Though the process of validating and testing synthetic-fuel blends continues within Air Force and civilian circles, its future is fraught with question marks. At least for the time being, the Air Force has been sourcing its natural gas-derived fuel from the Shell Corporation in Bintulu, Malaysia. (The U.S.-based Syntroleum Corporation, which supplied fuel for the B-52 flight, completed research and limited production at a pilot plant for synthetics but won’t open a full-scale facility until early 2010.) The Air Force will also be sourcing 5000 gal. of synfuel from Rentech in Colorado.

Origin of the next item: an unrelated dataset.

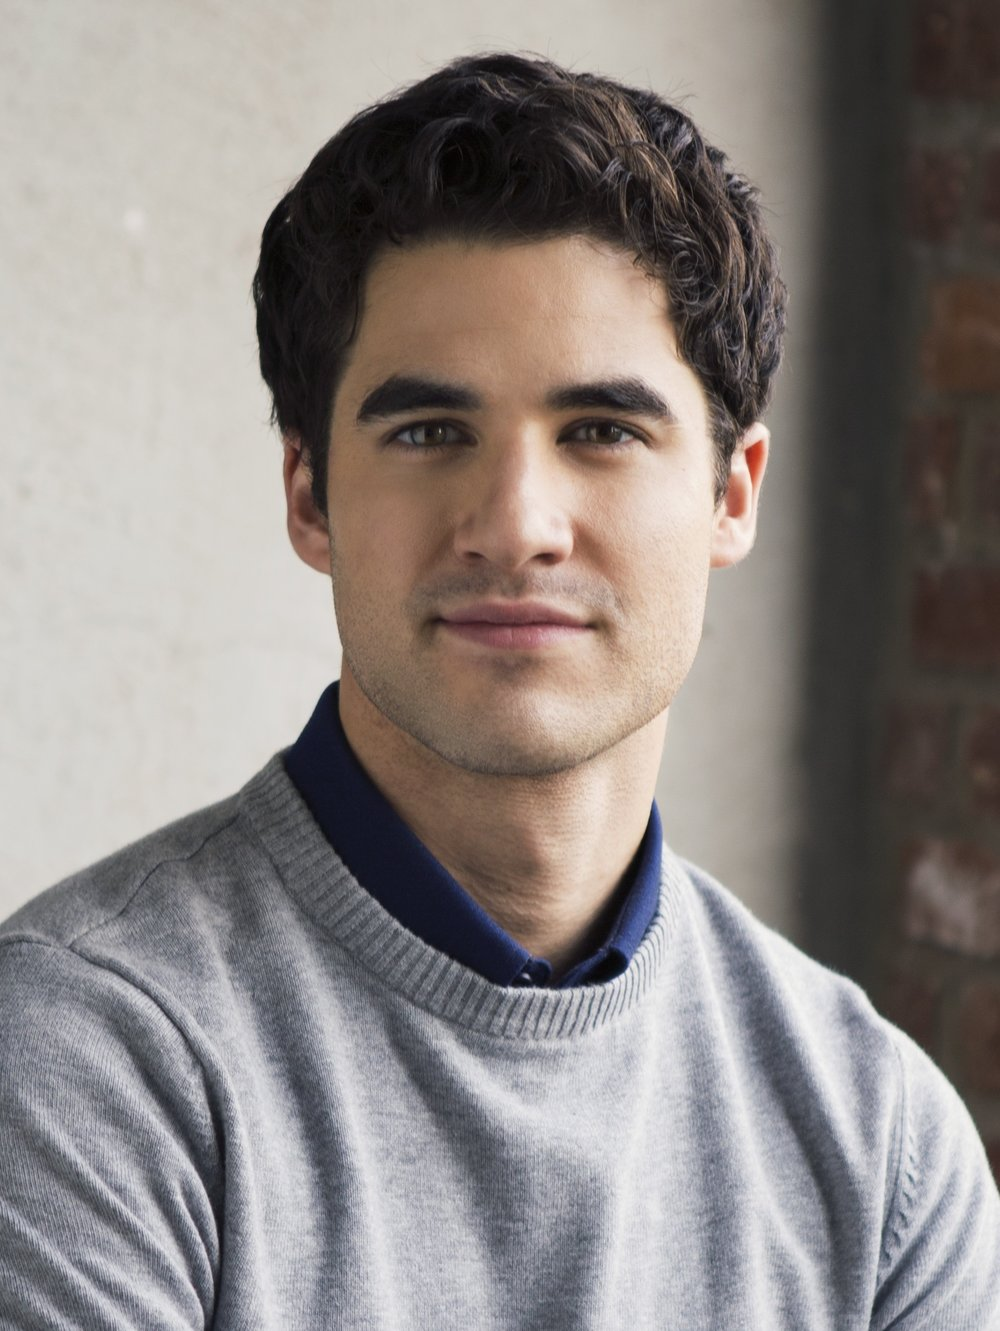 Darren-Criss-cropped1.jpg

Prices currently hover at around $3.04 per gallon, which is roughly the same price as standard JP-8, although transportation fees of roughly $4.60 are added to either fuel. "You have to realize we're talking about relatively small research and development quantities," Braun explains. "I'm buying a couple hundred thousand gallons. Who knows what kind of price I'd get if I were buying a couple hundred million gallons?"

UPDATE: The original version of this story referred incorrectly to the state of alternative-fuel supplier Syntroleum Corp., which closed down a pilot facility in Catoosa, Okla., in September 2006—not the entire company’s operations—after successfully “perfecting their process” of synthetic fuel production, according to a Syntroleum spokesperson. Earlier this year, the company received state approval and funding for its first full-scale plant in Geismar, La., which is scheduled to begin production in 2010.